I'll always have a soft spot in my heart for Firefox, but the reality is that
Firefox's engineering __is __inferior when compared to Chrome or Safari IMO.
To deny this is perhaps illustrative of why Mozilla 's browser is suffering.
It crashes, it leaks, it sputters, it freezes. It's shameful and embarrassing.

------
nfriedly
> _...Firefox Desktop is probably headed for extinction over the next couple
> years,..._

Yikes! I _hope_ that was an exaggeration! I'm a long-time Firefox user on
desktop and mobile, and I certainly don't want to see it die on the desktop.

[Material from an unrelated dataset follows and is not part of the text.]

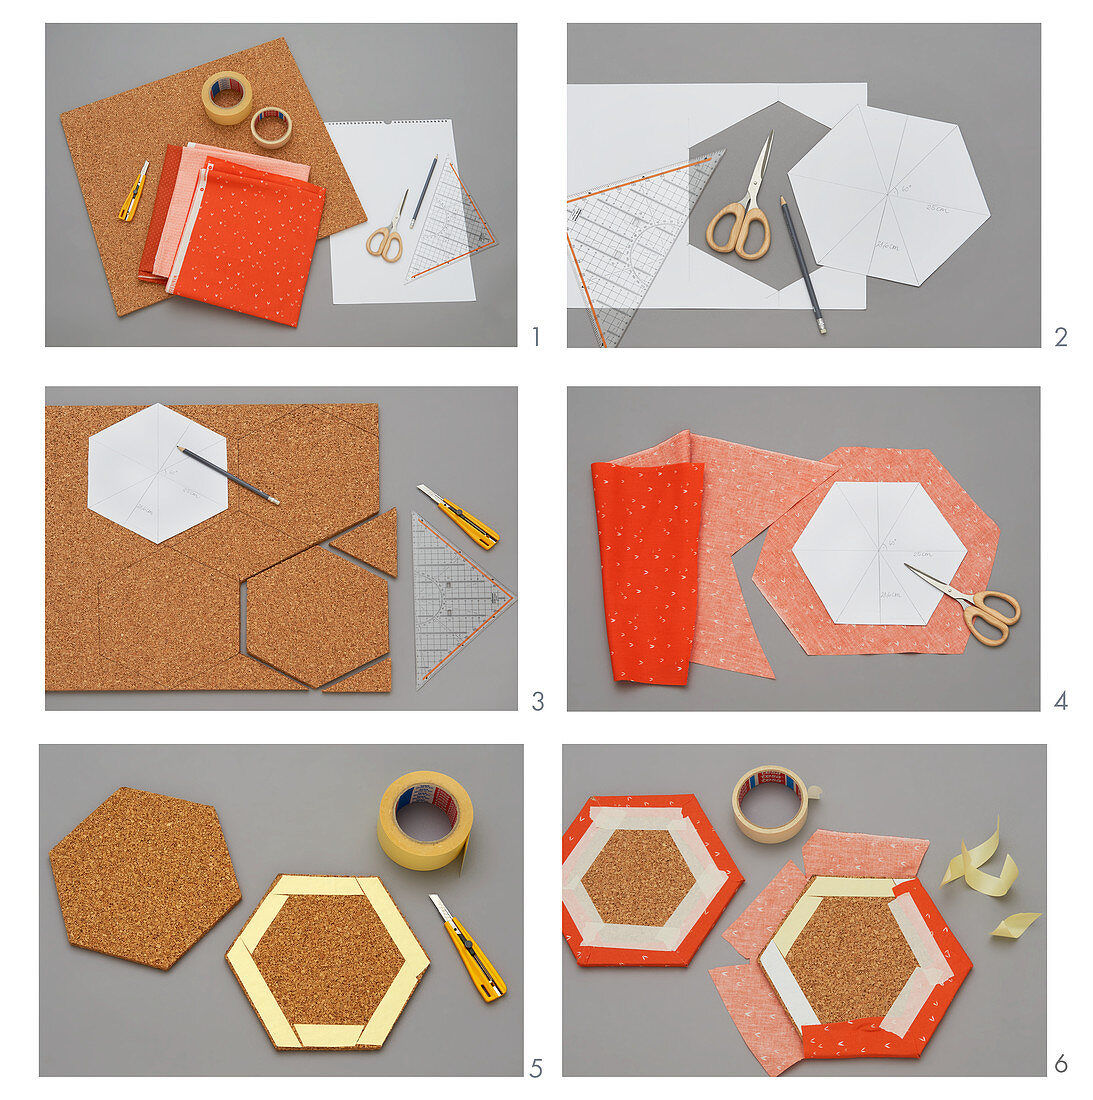 Pinnwand aus Hexagon-Platten herstellen

I prefer FF both because of the motivations behind the browser, and because on
Android it supports extensions, making it much more useful to me.

I do wish they'd release an iOS version that had the ad blocking of Firefox
Focus, and the tabs and Sync and such from regular Firefox.

------
usharf
It is really a shame as Firefox is really great to use these days. I've
noticed that when switching back from safari and chrome. I now use it both on
macOS, Linux and on my iOS devices, where I mostly use Firefox Klar for
privacy. I find the the sync feature is very useful (bookmarks, history,
passwords) and I trust Mozilla more than I do google. Those notices though,
when I do use google services are frustrating and annoying, not to say off
putting.

------
bla2
Google has been pushing chrome on their sites for years. Firefox's drop in
desktop is recent. So just marketing can't be the explanation.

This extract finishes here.